- **Instructions to follow**:
Take the lines below from the one with "Bright Red Sidra Outdoor End Table" through the one with "3 Months Certificate" and retype them exactly. Include nothing else, and no pictures.

---------- Source records ----------

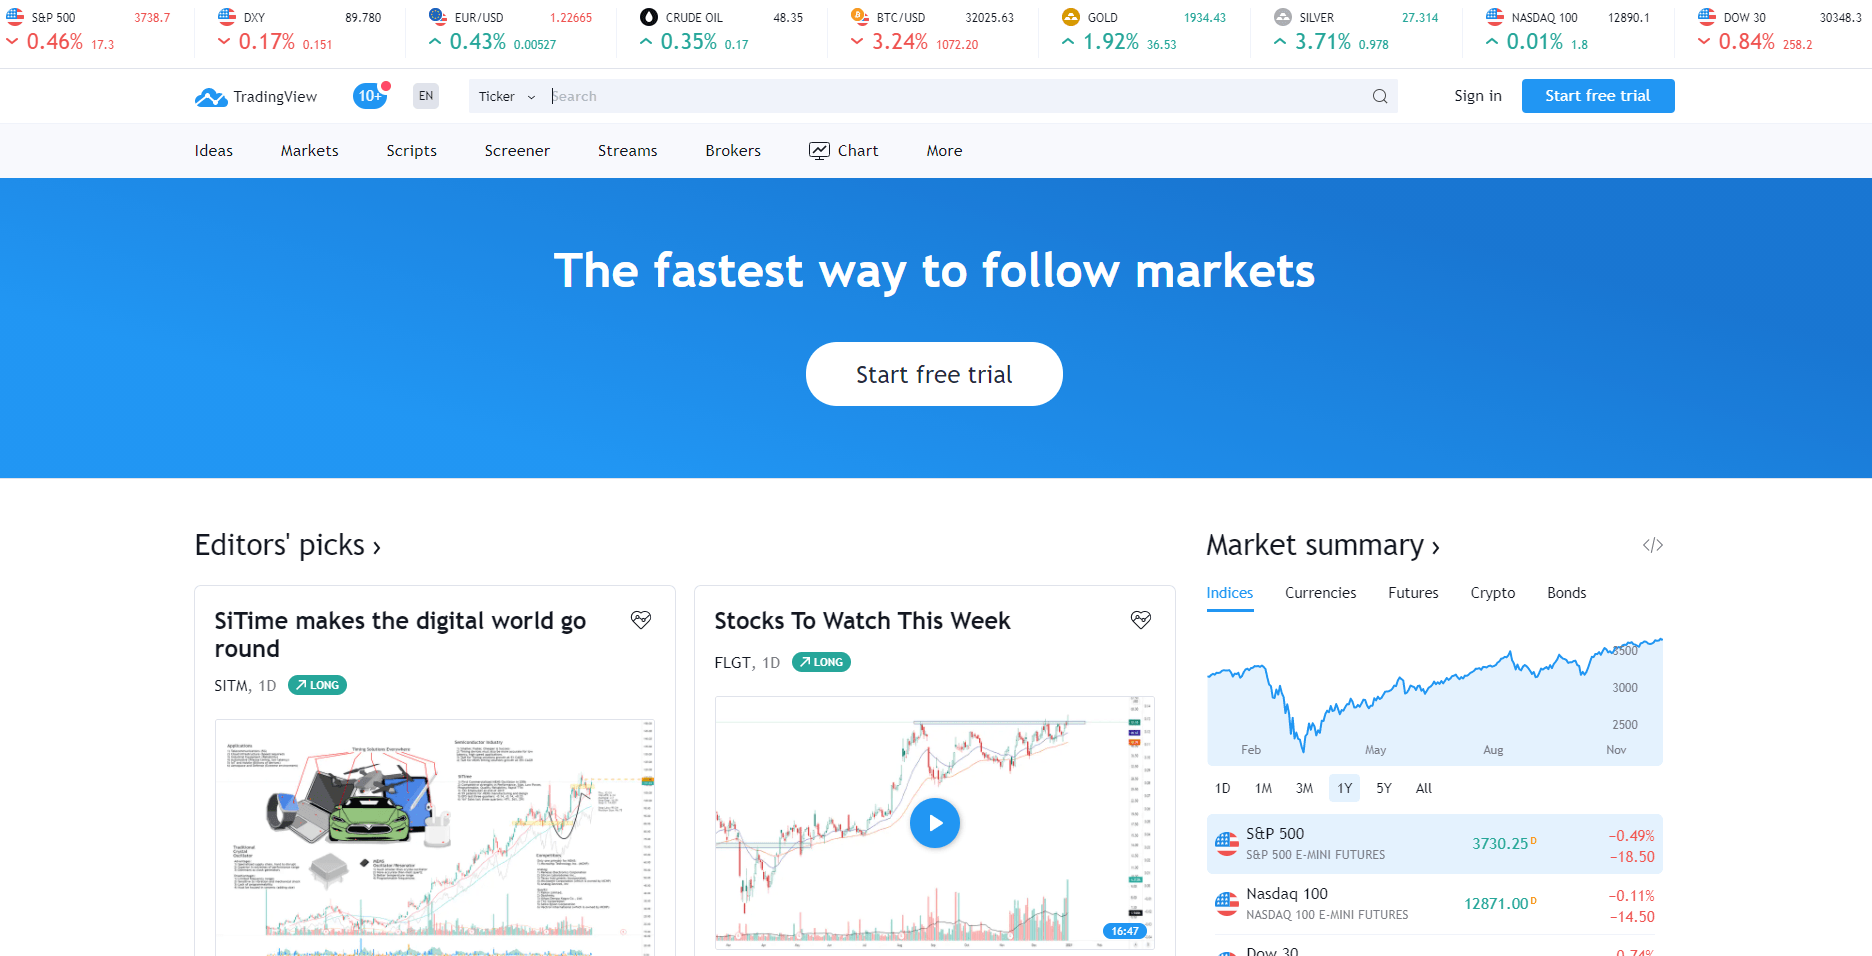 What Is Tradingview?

----------
---------- Source records ----------

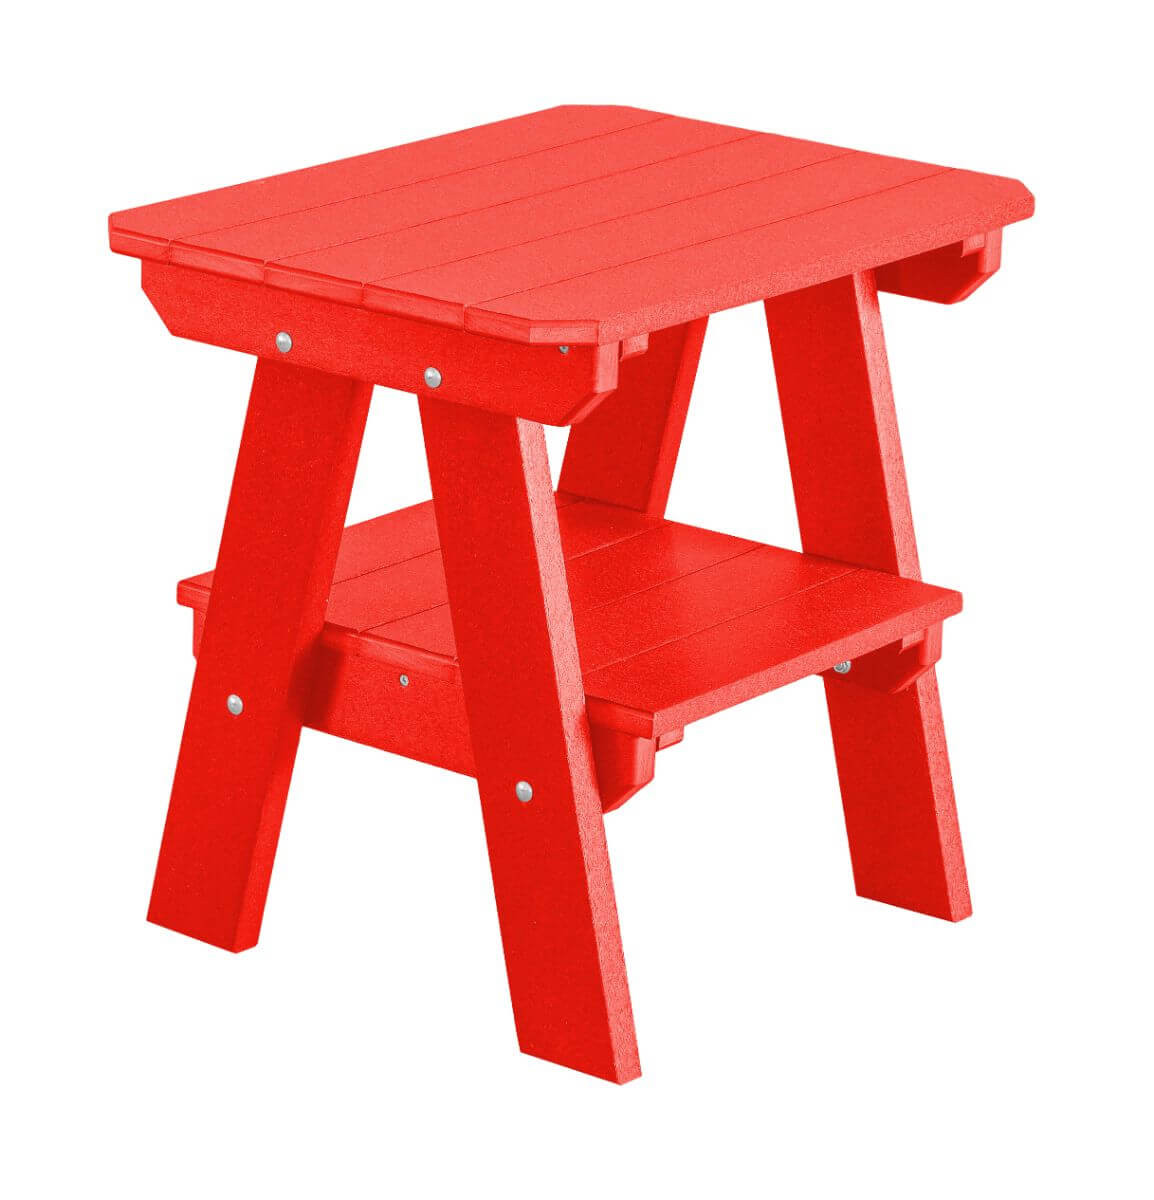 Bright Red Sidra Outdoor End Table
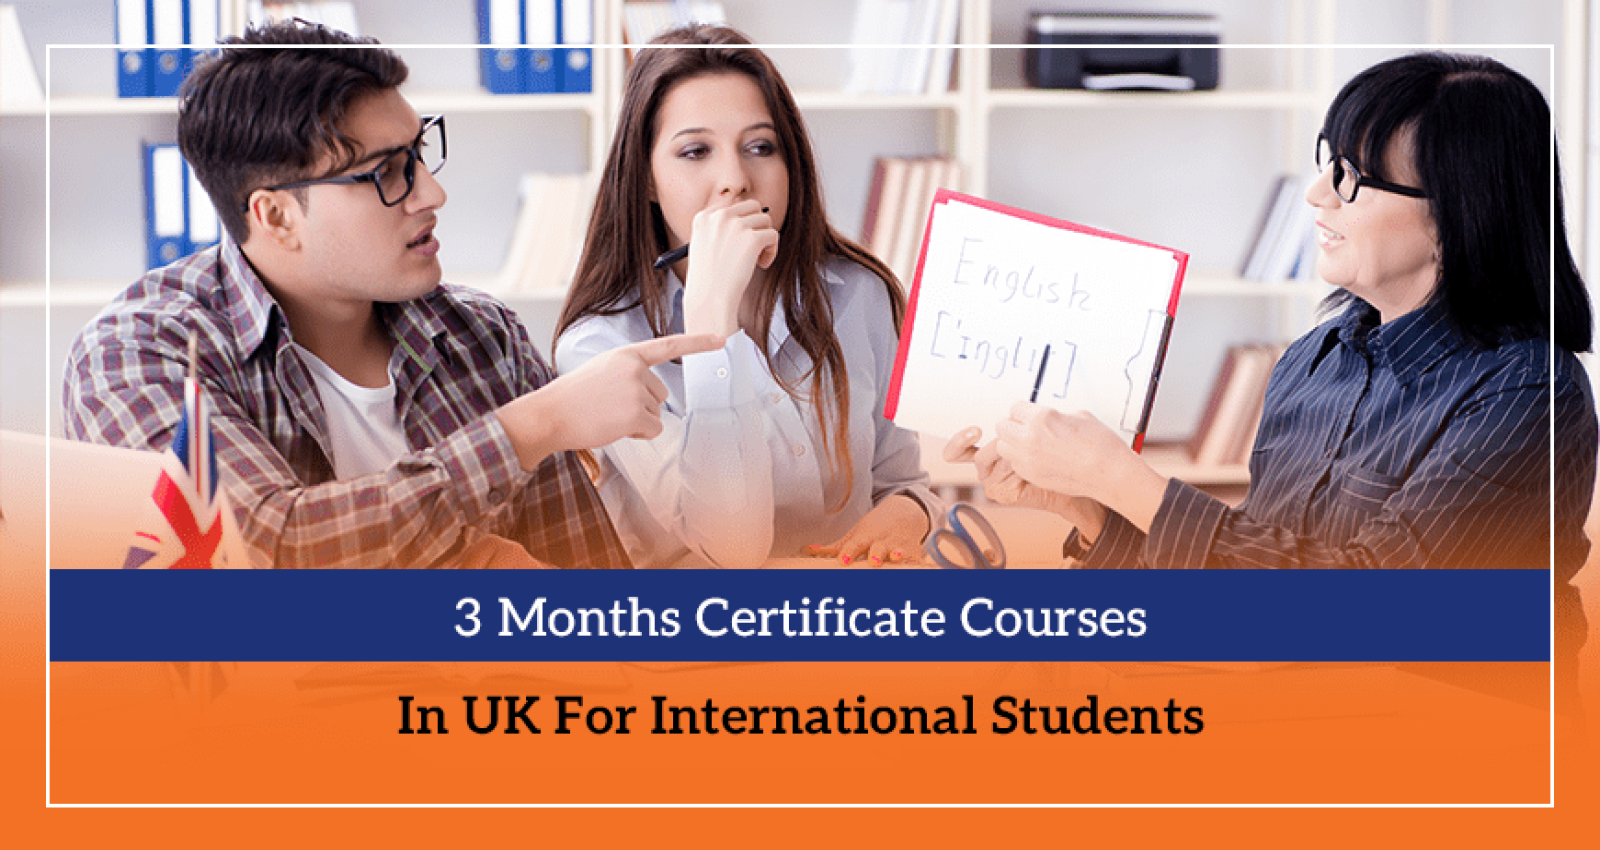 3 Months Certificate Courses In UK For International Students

----------

- **Response to the task**:
 Bright Red Sidra Outdoor End Table
 3 Months Certificate Courses In UK For International Students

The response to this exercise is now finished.